The Descending Dusk
Marjorie Flowers had never married. Nor had there ever been a significant other in her life. Nor did she have any children. Insular and abrasive; unloved, even by her parents, Marjorie had lived all eighty-seven years of her miserable existence in the same house where she had been born. And miserable is the word that best described Marjorie, who had always been as shrivelled and bitter as a preserved lemon.
A long retired librarian, no other profession better suited her, Marjorie had chosen instead to fill her life (such as it was), and every room of her dormer windowed and thatch roofed cottage with carnivorous plants. They sat in pots on sunlit window ledges. They hung in baskets, at varying heights, from the ceiling's exposed beams. They stood on shelves and occasional tables, as a singular prized specimen, or grouped together according to genus. What it was about them, precisely, that had attracted Marjorie to her obsession she could not define, other than her admiration for their self-contained independence.

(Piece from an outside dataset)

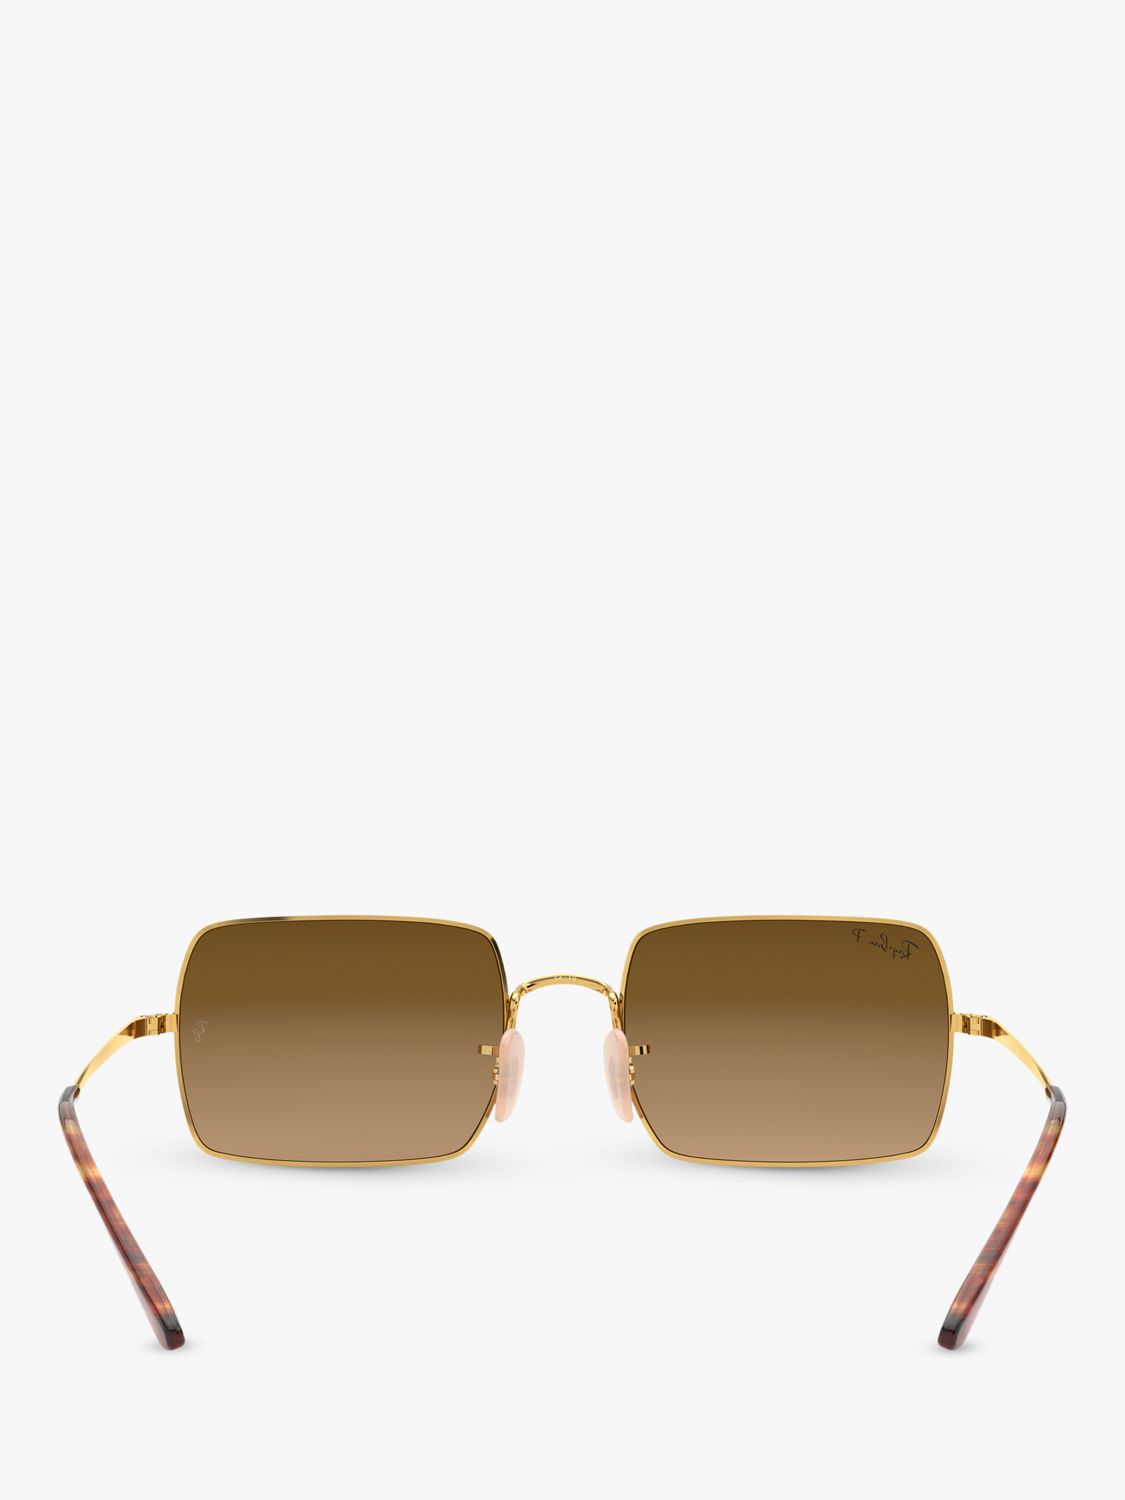 Ray-Ban RB1969 Unisex Polarised Rectangular Sunglasses, Gold/Brown Gradient

It pleased Marjorie to think she could die at any moment and the plants would carry on regardless. An unsuspecting fly, or a sporadic moth, was sufficient to sustain them. The pride of her collection was a Chilean Nightwing. Native to the high desert plateaus of the Andes, the Nightwing was believed to be extinct in the wild. Its three broad and flat glaucous leaves, each tipped with a needle sharp spine, remained tight closed through the day, only opening as the sun was setting to reveal a large flower with three petals of a deep dull crimson, with the texture of velvet,
As the night sky darkened, the flower would detach itself, and with its petals spinning like the blades of a helicopter, would rise into the air and fly out through the dormer window Marjorie always opened as the growing gloom of dusk descended. Unique in its method of harvesting the required nutrition necessary for its survival, the Nightwing would seek out some large mammal and, attaching itself to the neck, would absorb the animal's blood through the pores of the skin while simultaneously exuding a toxic anticoagulant, with fatal consequences.
Climbing the cottage stairs one early evening, the toe of Marjorie's slipper caught on the frayed carpet, causing her to lose her balance, and falling backwards, tumble awkwardly, breaking her hip. Immobilised by excruciating pain, she lay at the foot of the stairs, all too conscious of the approaching hour, when the Nightwing's vampiric flower would emerge, and the fact that the dormer window was still firmly closed.